Grandmothers

I just found out that my co-worker’s grandmother just died. She was – understandably – wrecked and had to leave work. Today, we are all sharing thoughts with her to show support and it got me thinking about my own grandmothers and what I learned from them:

  1. Always have a good time. My maternal grandmother was a party girl – my earliest memories of her revolve around entertaining: hams, turkeys, bloody marys, smoking and swing music. While my mother has a different view of things, to me it was always an environment of joy, celebration and friendship. The warmth she exuded while entertaining was the same whether the house was full of people or just the two of us. Either way, she taught me that it’s important to have fun with the people you love.
  2. If all else fails, make fudge. My paternal grandmother was not the warm and fuzzy type. She was serious, cranky and distant…we had very little in common. But we still managed to connect on a very basic level: she made the best fudge ever. She may not have been able to hug and snuggle me, but that fudge let me know how much she loved me. (That and her mac ‘n cheese…yum…)
  3. A place of refuge. When I was in college, times were tough for my family; we were going through a lot. I didn’t know or understand the extent of things, but I did know that my parents had a series of difficult decisions and there was a lot of stress. My grandmother stepped in with the option for me to live with her. She wasn’t one for heart-to-hearts, but she offered me a place to decompress and process in peace.
  4. Music is important. With both grandmothers, music played a role in our relationships. At both houses, there was always music in the background (my paternal grandfather was a drummer in a Dixieland band). When we would arrive at my grandmother’s house, she would direct us upstairs to “put on your suits” and go get into the pool – she had an old “boom box” that she’d put in the window from the kitchen and blast swing music while we swam. They were both one-woman audiences for all our shows and musicals. They taught me songs that I sing to my own children.
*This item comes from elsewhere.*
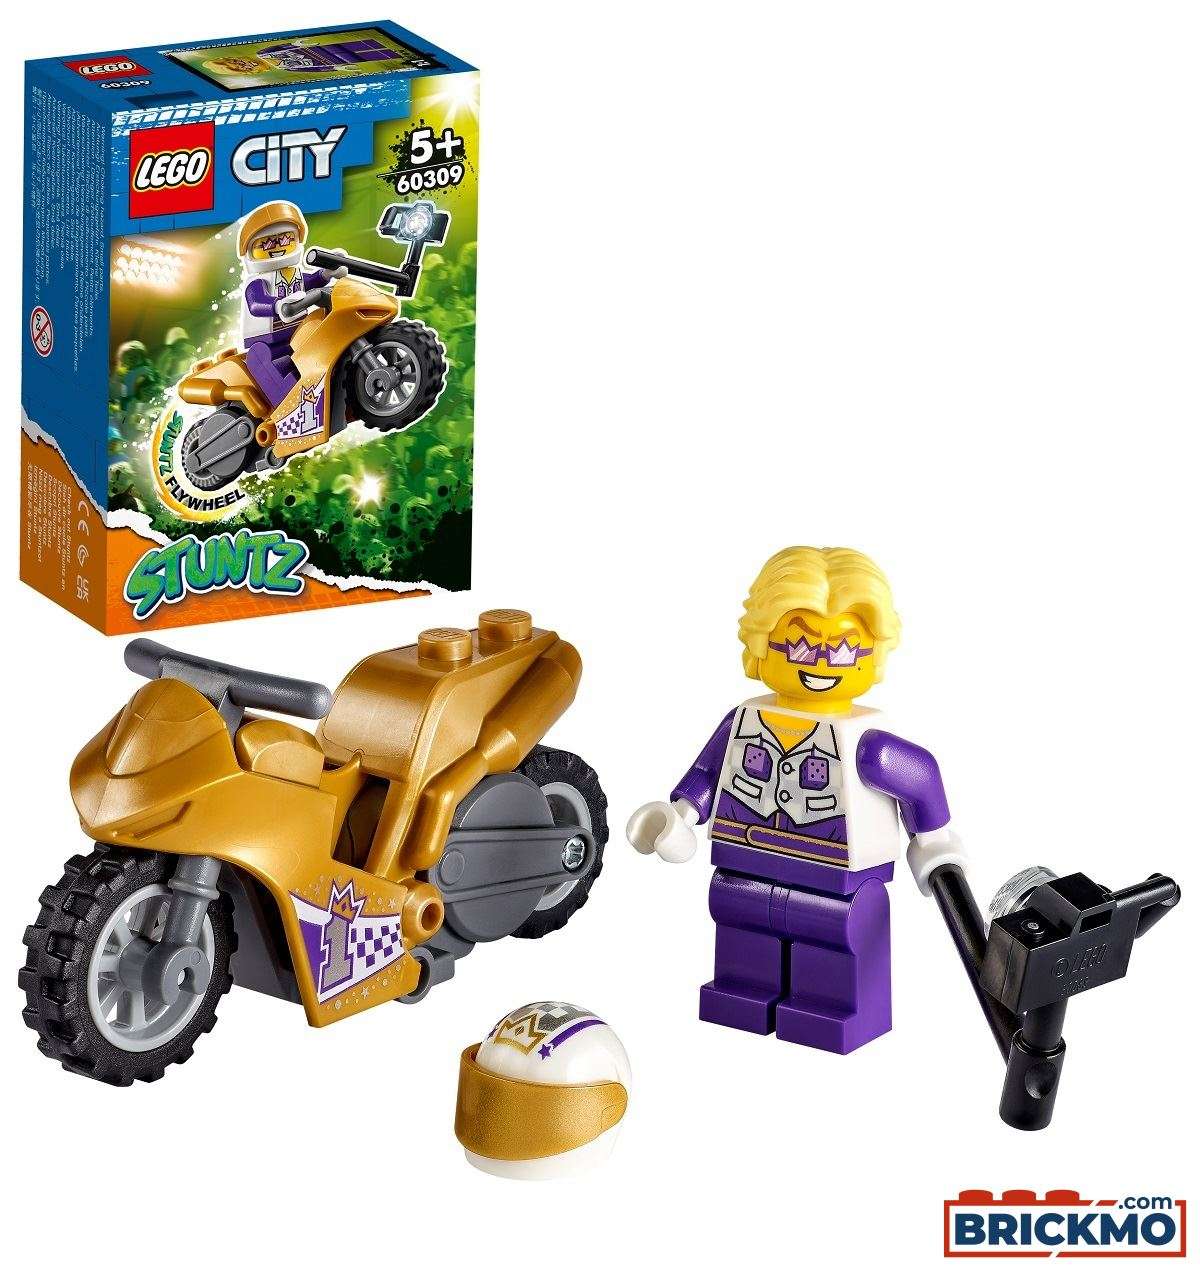 LEGO City 60309 Selfie-Stuntbike 60309
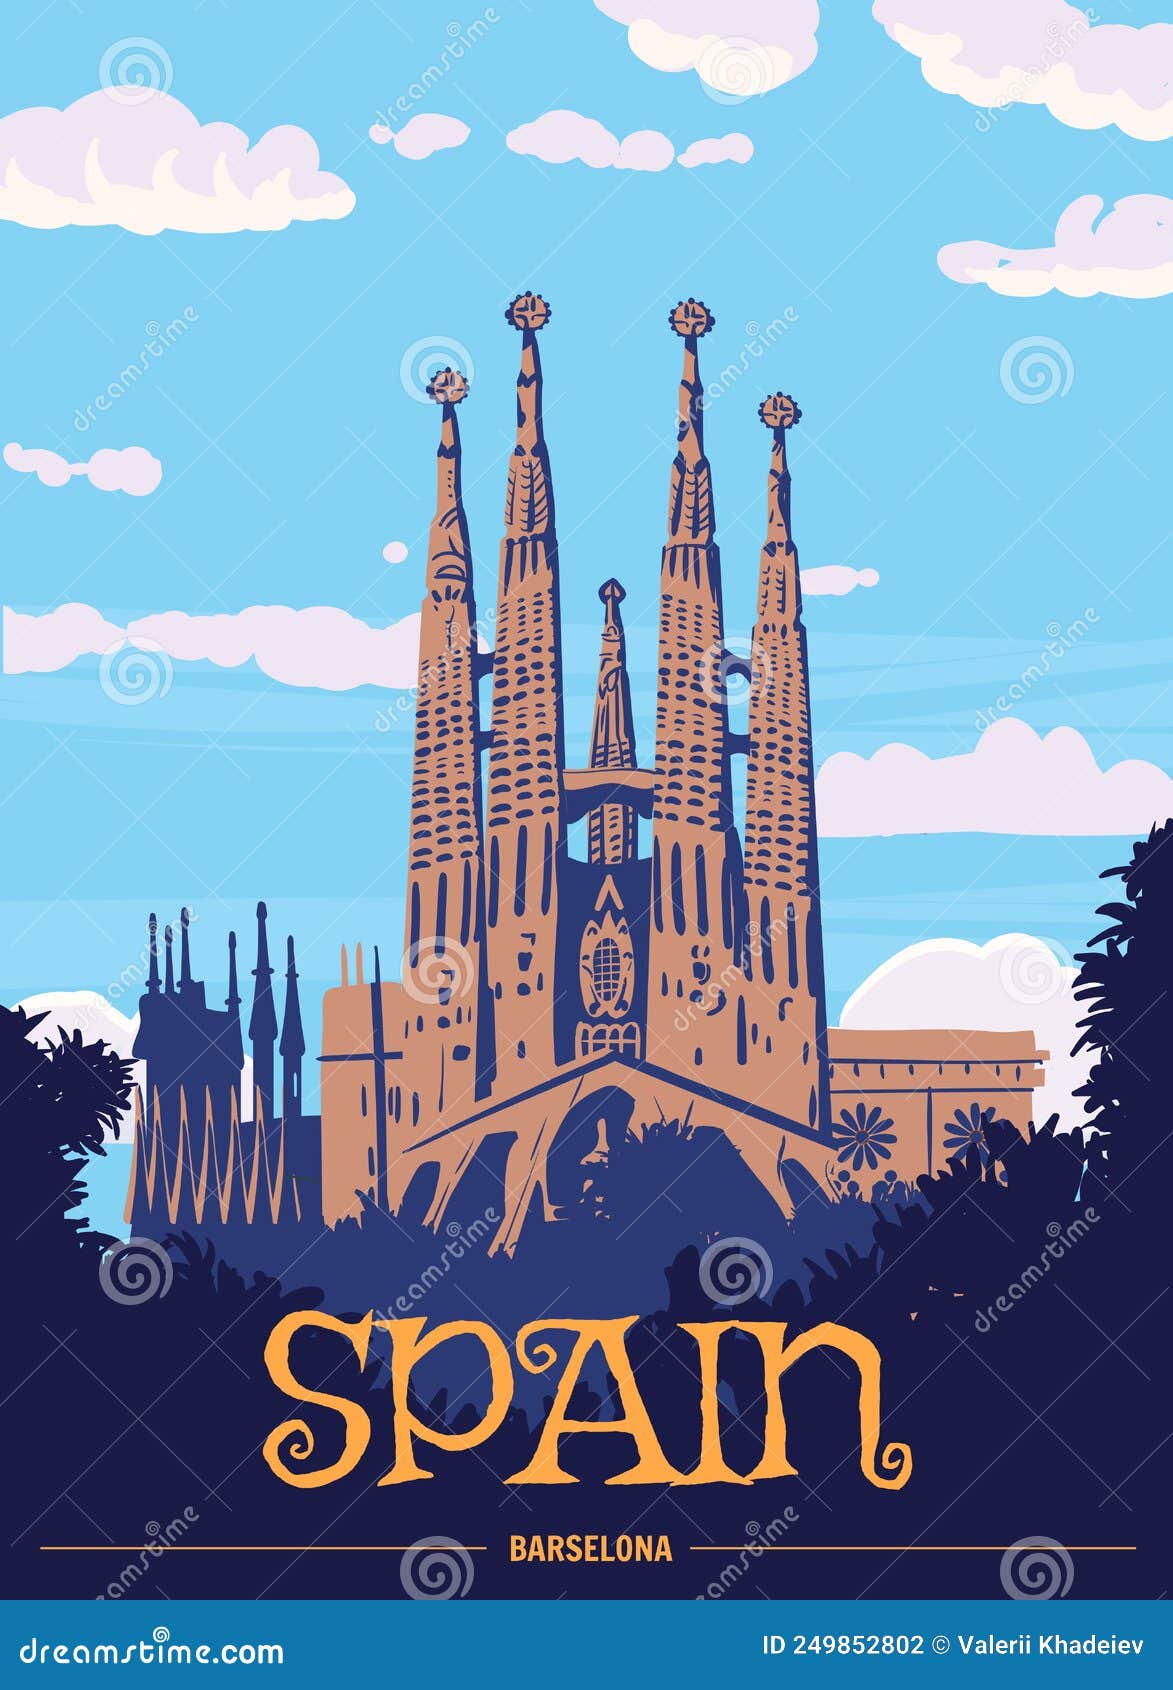 travel poster spain, barcelona vintage. sagrada familia gaudi basilica of spain, sunset sky.

I am under no delusion that my grandmothers were perfect, or that they were even good mothers. But they were important people in my life, people who offered support, guidance, a way out and love…to me, they are wonderful foundational pieces of my childhood and my adulthood. I thank them for all they were capable of giving and for giving it – I think that might be the most important lesson: giving something is better than giving nothing…the smallest things can end up being bigger than you’d ever think possible!